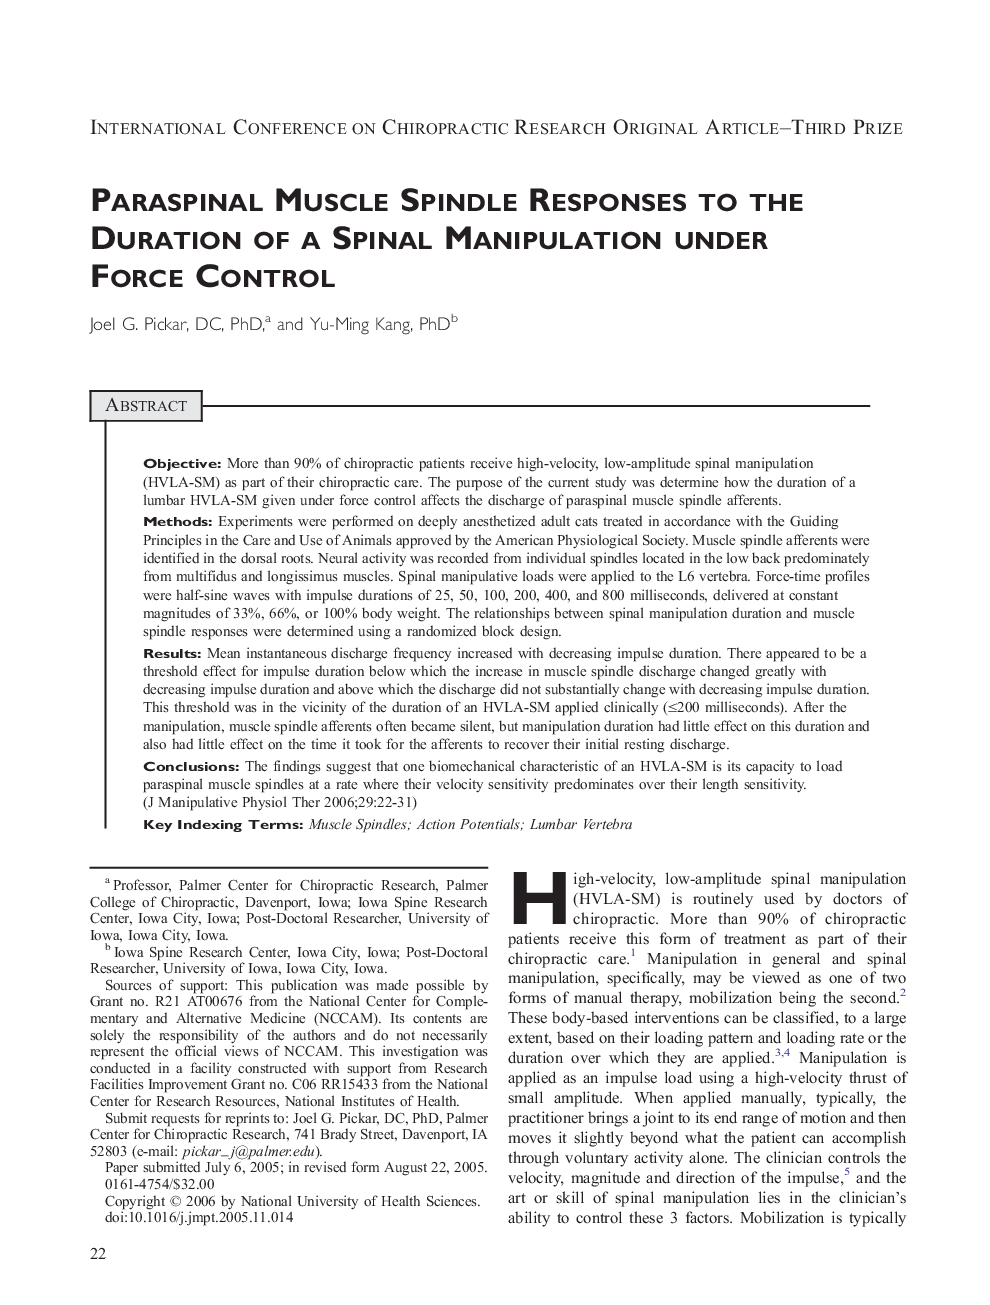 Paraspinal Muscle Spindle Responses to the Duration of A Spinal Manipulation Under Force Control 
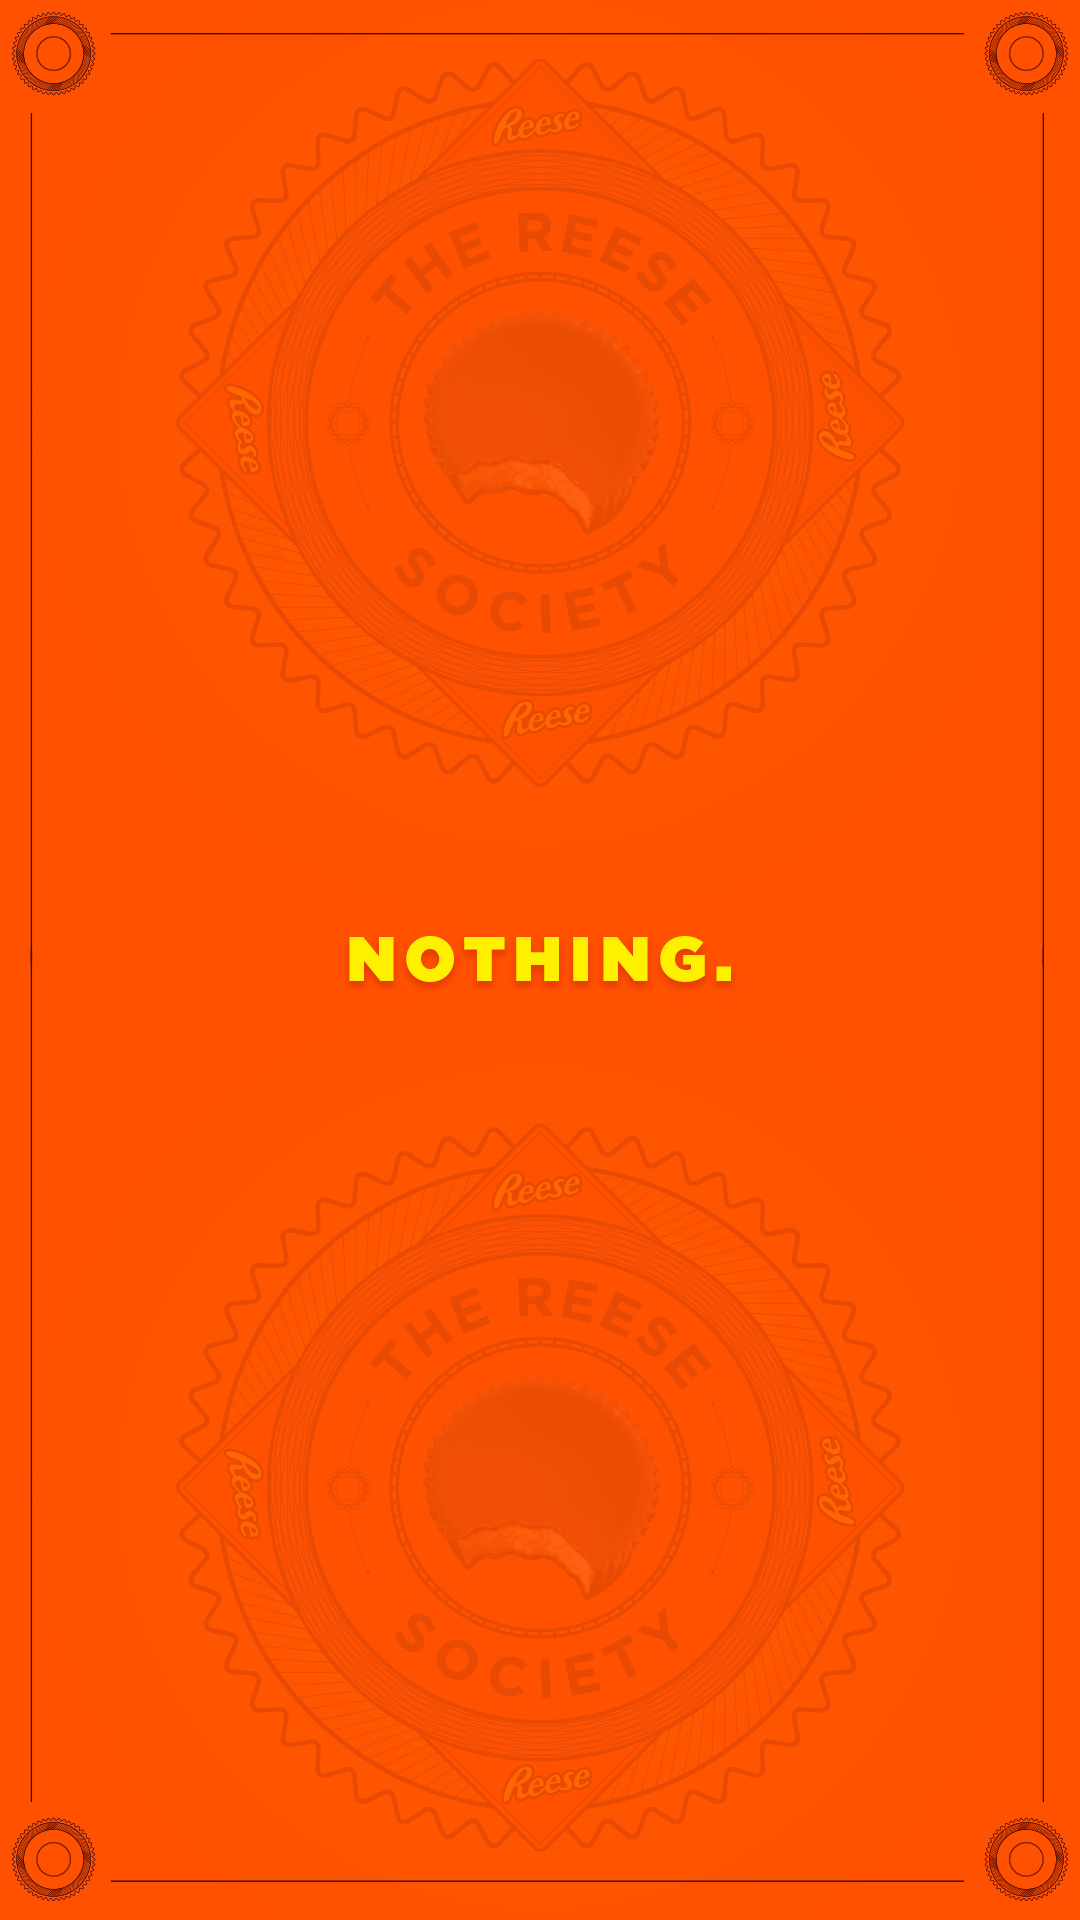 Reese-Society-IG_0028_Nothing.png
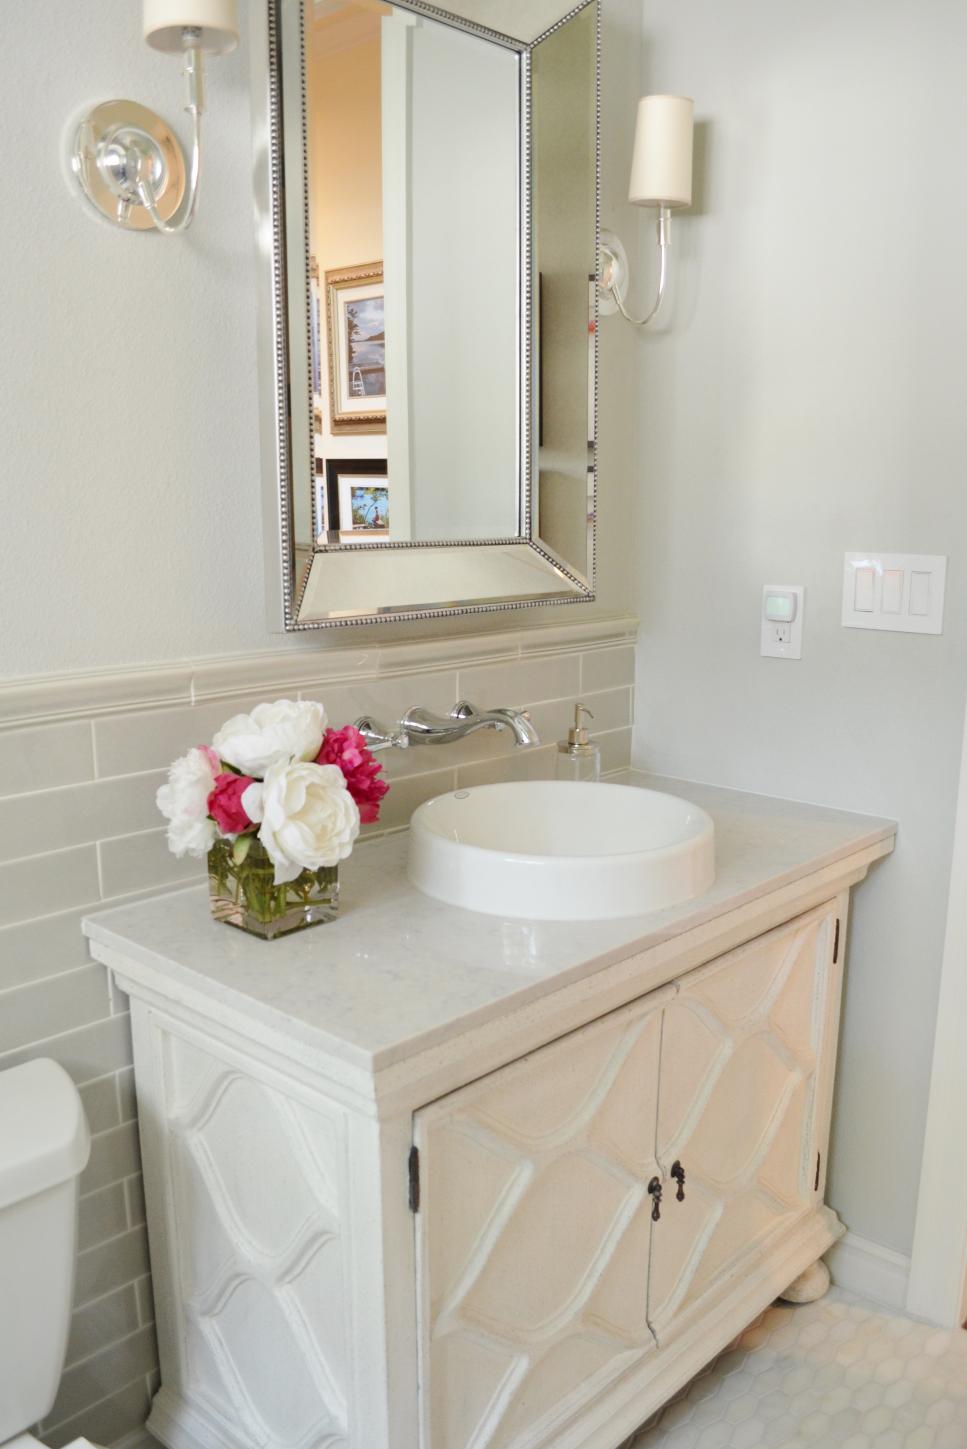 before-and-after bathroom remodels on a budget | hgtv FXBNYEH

- - - - - - -

## TASK
Give the data again exactly as written, with no pictures included.

## EXPECTED ANSWER
 Paraspinal Muscle Spindle Responses to the Duration of A Spinal Manipulation Under Force Control 
 Reese-Society-IG_0028_Nothing.png
 before-and-after bathroom remodels on a budget | hgtv FXBNYEH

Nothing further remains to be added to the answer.